The solar asset class provides rich ground for investors seeking compelling risk-adjusted returns. With respect to real estate and other infrastructure, solar project investments compare favorably from both a risk and returns perspective.
Significant customer demand and falling costs continue to drive the expansion of the solar asset class. In 2018, there were around 109,000 megawatts of solar installed worldwide, with 14,000 megawatts of that capacity installed in the United States. Looking ahead, we still see a tremendous pipeline and significant investor demand. Globally, solar will become one of the dominant sources of new electricity generation, and solar and wind are expected to provide 50 percent of all electricity in the world by 2050: a roughly $10 trillion market.
Solar assets within the United States are especially attractive for investors because they are dollar-denominated, real assets, non-correlated to the stock market, and are also relatively inflation-insulated.
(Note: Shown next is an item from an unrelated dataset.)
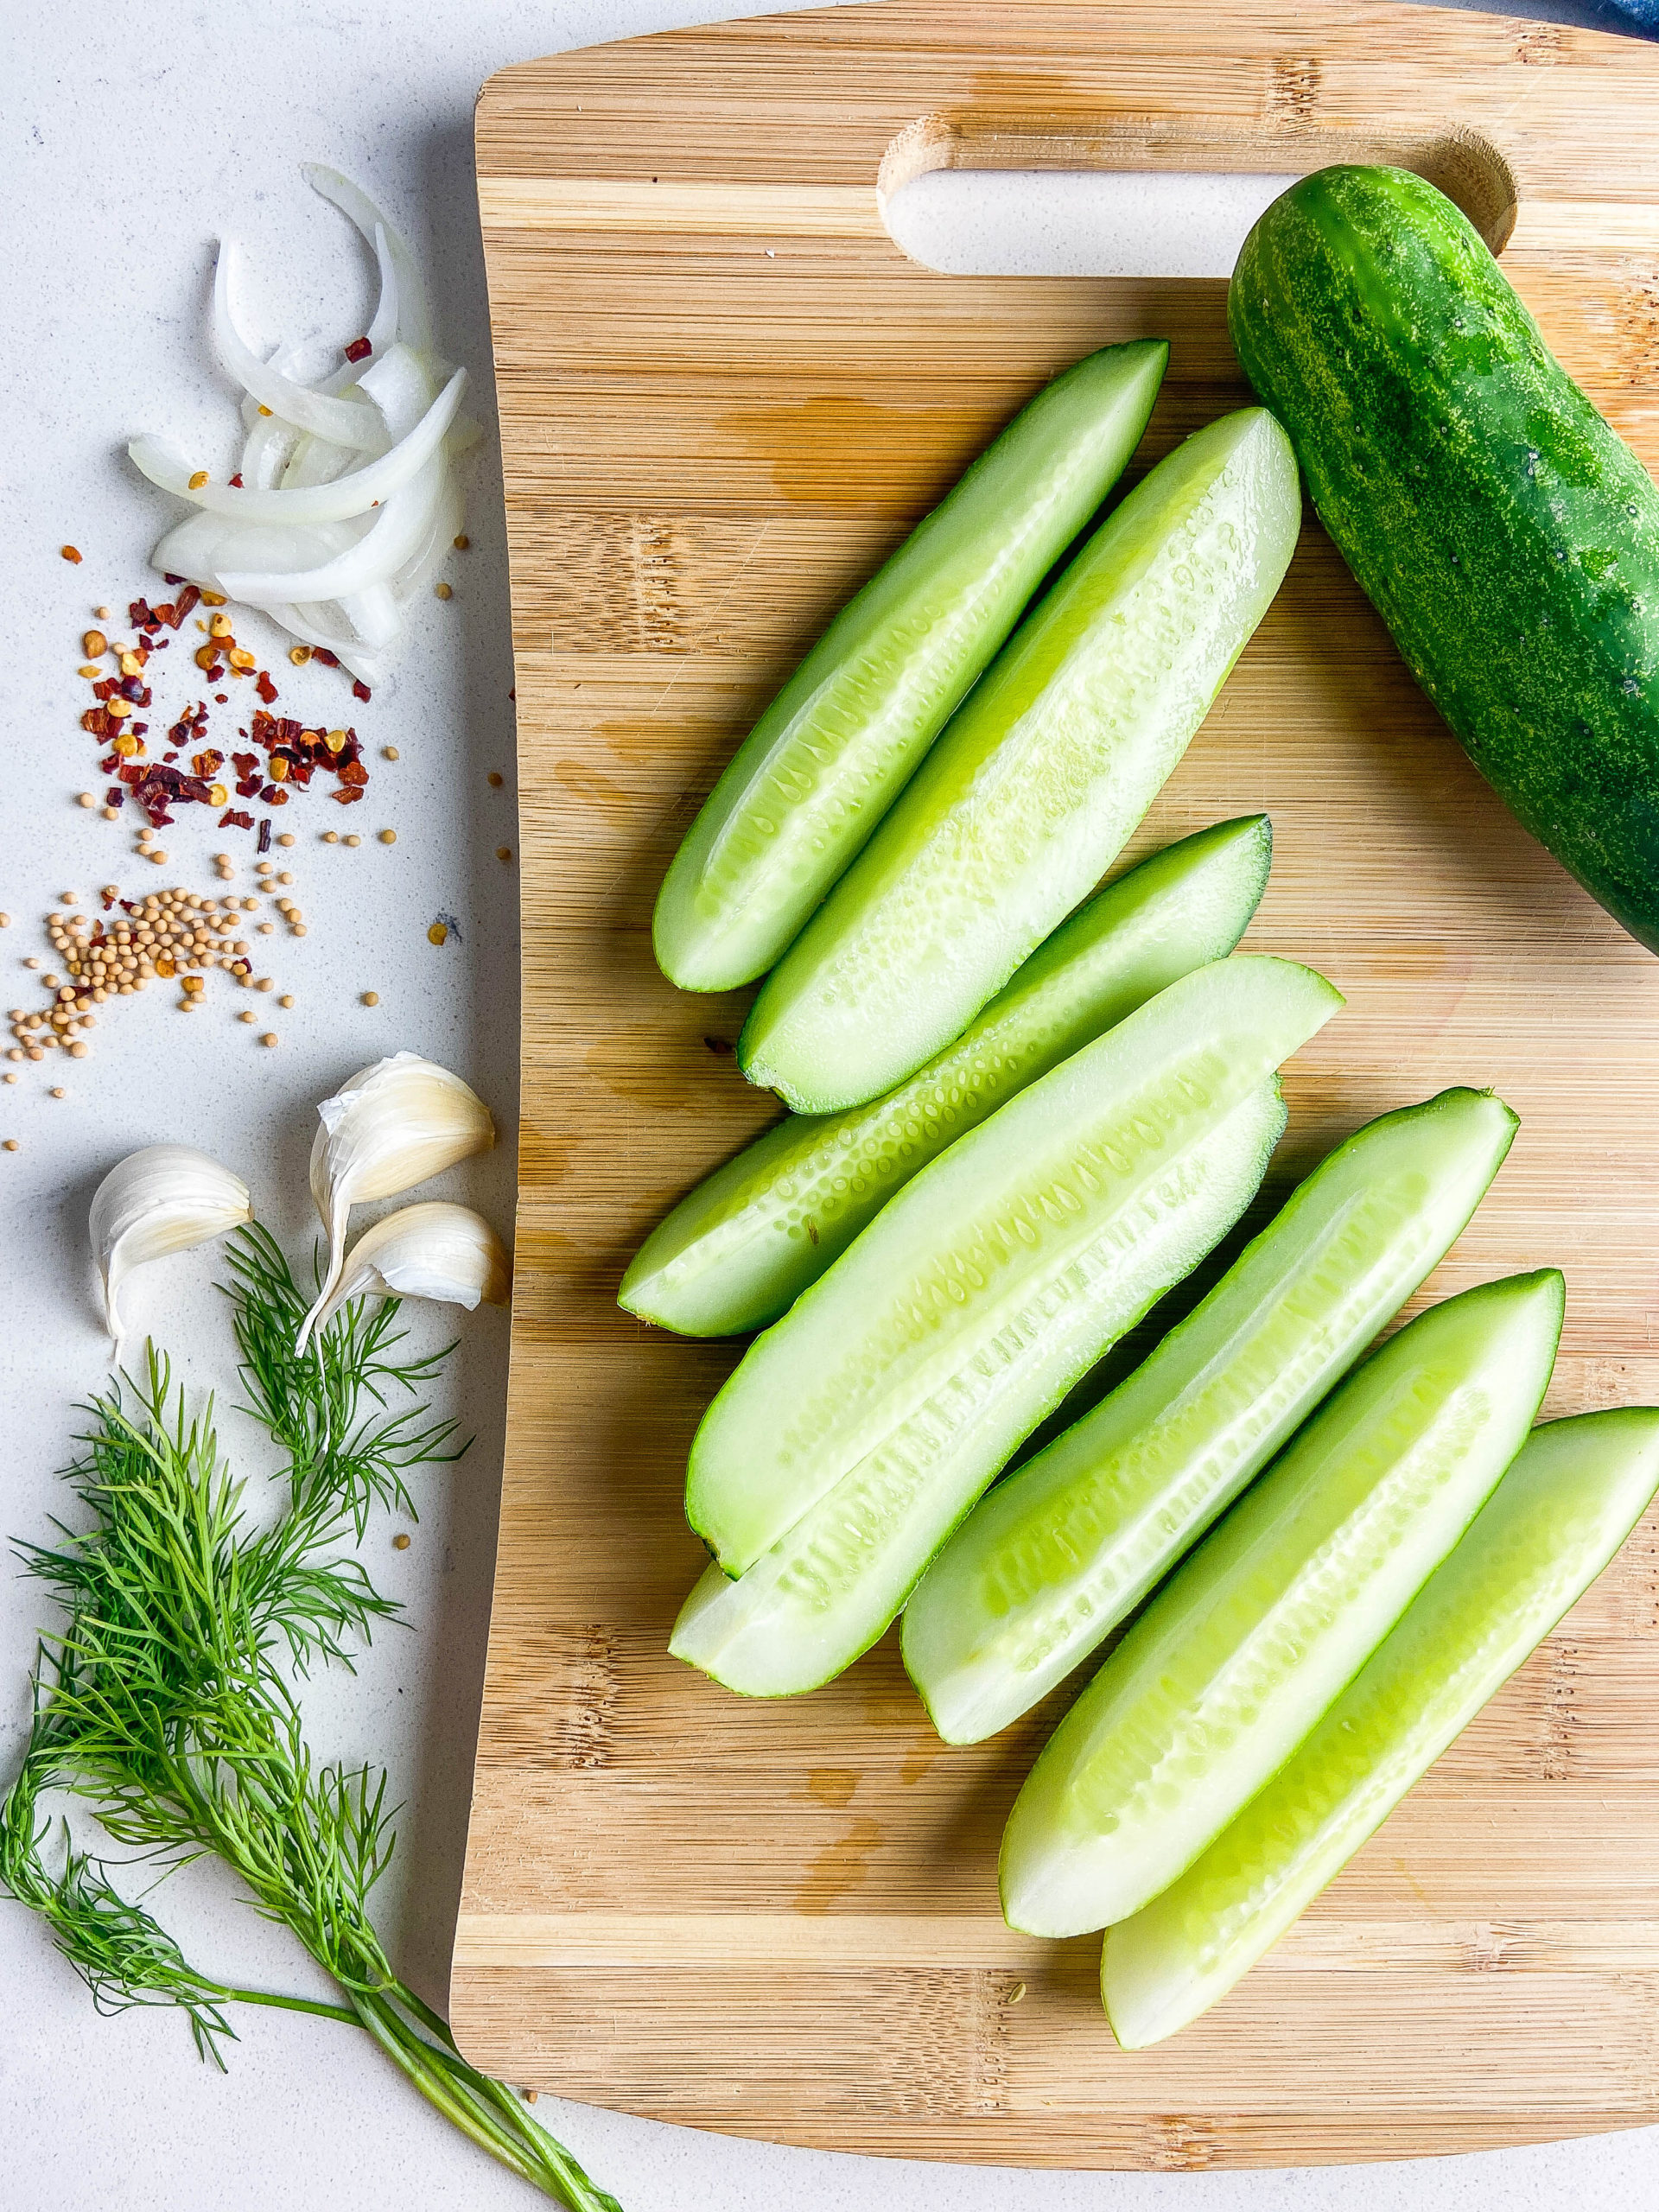 Cucumber spears on a wooden cutting board with dill, garlic cloves, mustard seeds and crushed red peppers.

Europe and Asia also have specific requirements for banks to invest in renewable energy, as it reduces their capital set-aside requirements. Many sovereign wealth funds and multilateral banks have a mandate to invest in renewables. As such, there continues to be a number of new investors in the market from Japan, Europe, the Middle East and China.
Amidst a shifting landscape in 2020, the solar industry remains a growing multibillion-dollar market for investors, customers, and entrepreneurs. But it is also a complex one. New investors and developers must be strategic with how they approach the market.